# 3 month old male V fur lightening on neck and shoulders



## Kchesterrr (Aug 13, 2020)

So we have a 3 month old male V and recently I’ve noticed his fur lightening on his neck and shoulders. Can anyone tell me if this is normal??


----------



## gunnr (Aug 14, 2009)

Yes, it is normal. As long as it is not falling out.
He's probably just growing out some new hair , and it is lighter because of the sun and more activity outside.

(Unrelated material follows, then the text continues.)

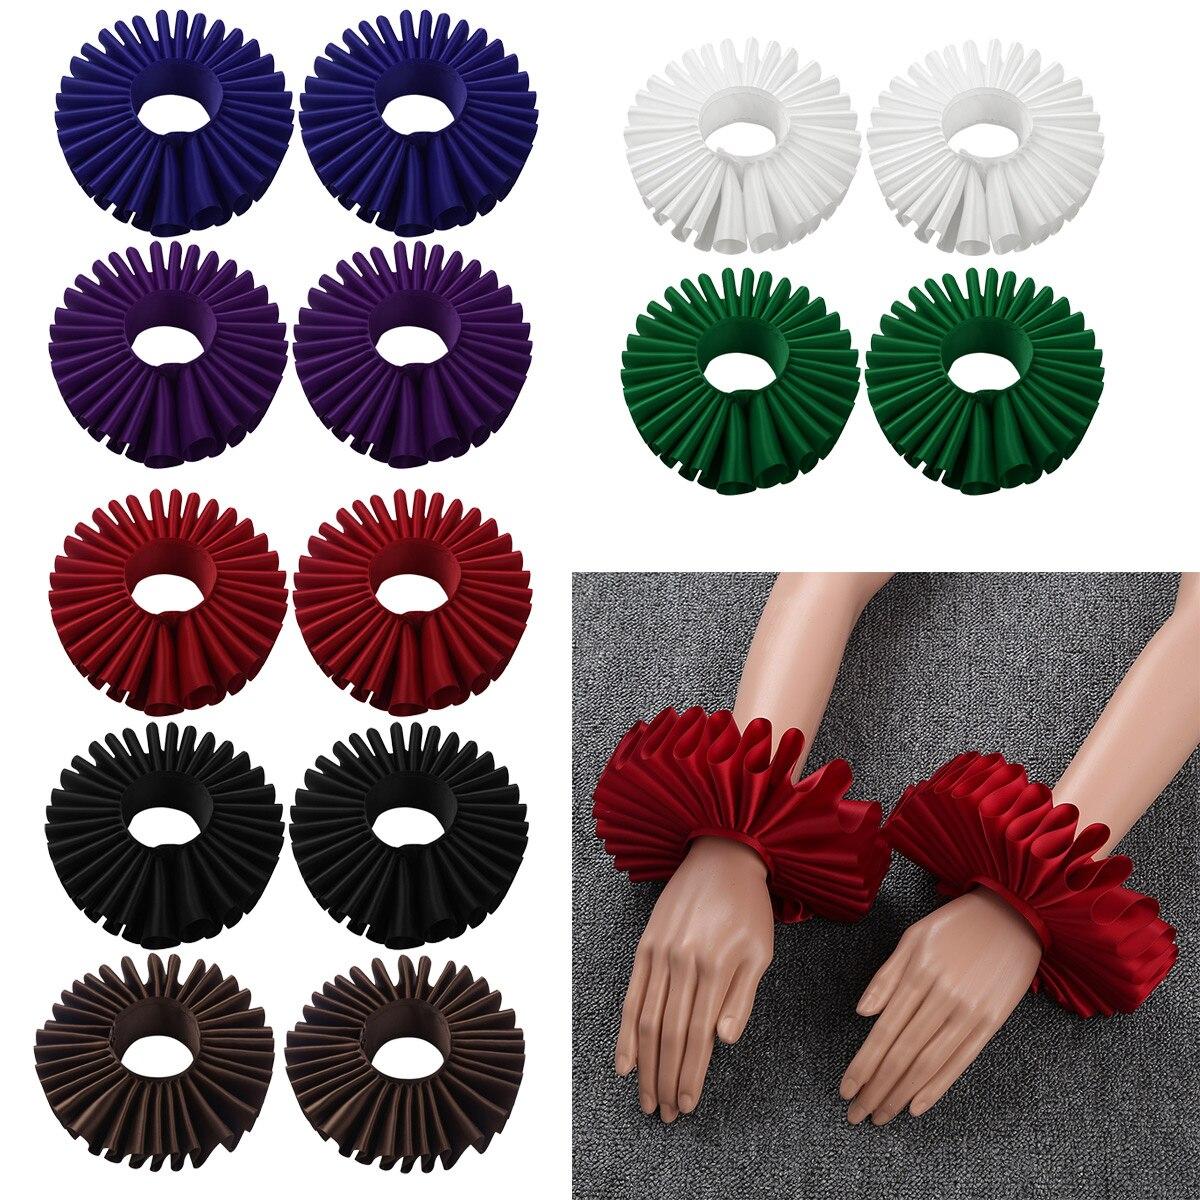 1 Pair Renaissance Elizabethan Ruffled Wrist Sleeves Cuffs Bracelet Victorian Costume Halloween Cosplay Accessories

Finn, my 11 month old male, has similar "markings". He was a uniform copper color as a puppy, now he has "texture and highlights".
Those spots are the front and back of his scapula's, so there will be a lot of movement of skin and coat in those areas.
As long as the fur is thick, tight, and not falling out, he's good.


----------



## Gabica (Jan 20, 2018)

yes, as gunnr mentions it is normal. u can take a soft brush (silicone type, like a glove) and brush him regularly. it helps the old fur the get removed, promotes healthy new fur growth and the color difference to be less visible. and for the pup to get used to grooming too


----------



## QueenTilly (Jul 7, 2020)

Our 18 week old developed the same spots a bit higher on the neck and the shoulders! It evened out a bit over time but it’s definitely normal!


----------



## Kchesterrr (Aug 13, 2020)

Thank you all so much! Man this forum is helpful!!


----------